If the Sun's center is the location of highest temperature and highest density, it might not surprise you that the center is where the Sun's thermonuclear fusion power source is located. At temperatures in excess of 10 million degrees, as in the center of the Sun where the temperature is nearly 16 million degrees, hydrogen atoms combine to make helium atoms in a thermonuclear reaction called the proton-proton chain.
As shown in the figure below, three principal steps define this process. First, two hydrogen atoms combine to create a deuterium isotope, a neutrino, and a positron. A deuterium isotope is simply a hydrogen atom with an extra neutron in its nucleus, a neutrino is a nearly massless particle that escapes the Sun quickly, and a positron is a subatomic particle that quickly annihilates by colliding with a nearby electron, releasing a gamma ray. In the second step, the deuterium isotope combines with another hydrogen atom that creates a helium-3 isotope and another gamma ray. The helium-3 isotope has one neutron less than the more familiar helium-4 atom that has two neutrons. Finally, two helium-3 isotopes combine to make a stable helium-4 atom and release two hydrogen atoms in the process that can be used again and again. This process accounts for the vast majority of the Sun's energy output.

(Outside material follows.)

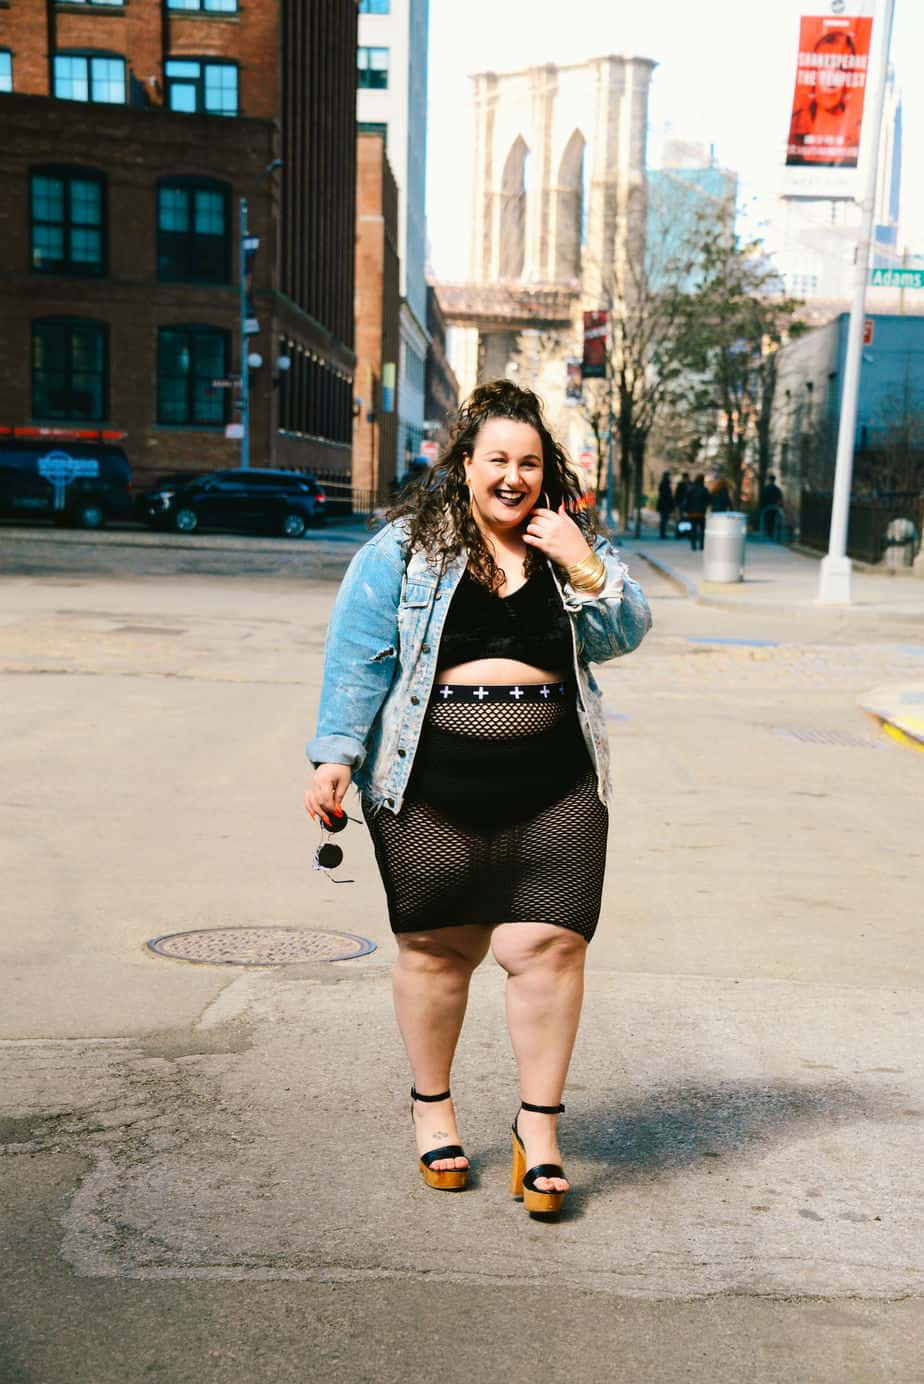 Fat Girl Aesthetics with Chubby Cartwheels & Fat Leopard Photography

Energy Transport Inside the Sun
Once energy leaves the Sun's core, it takes a very long time for the energy, in the form of gamma rays released in the proton-proton chain, to make its way 696,000 km out to the photosphere. As gamma-ray photons are released, they do not travel very far before colliding with a nearby ion. When they bounce off that ion, they may or may not move in a direction pointing outward before they collide with yet another ion. The result is that it can take nearly a million years for photons to make their way out of the Sun.
Because the density is highest in the inner half of the Sun, collisions among ions and photons increase the temperature. This energy escapes the core through the process of radiative transfer by transferring energy to the more distant and cooler regions. At larger distances from the core, the Sun's density is considerably less, and a different energy transfer process takes place. Hotter regions expand and then float towards the photosphere because they are less dense. The overlying cooler regions then sink towards the center, and the process repeats itself. This churning motion where hot material moves upward and cooler material sinks is called convection. The result is that there are three distinct regions to the Sun's interior: the core where thermonuclear fusion is taking place, the radiative zone where energy is transferred via radiative transfer, and the outer convective envelope where material is actually moving up and down in circular cells.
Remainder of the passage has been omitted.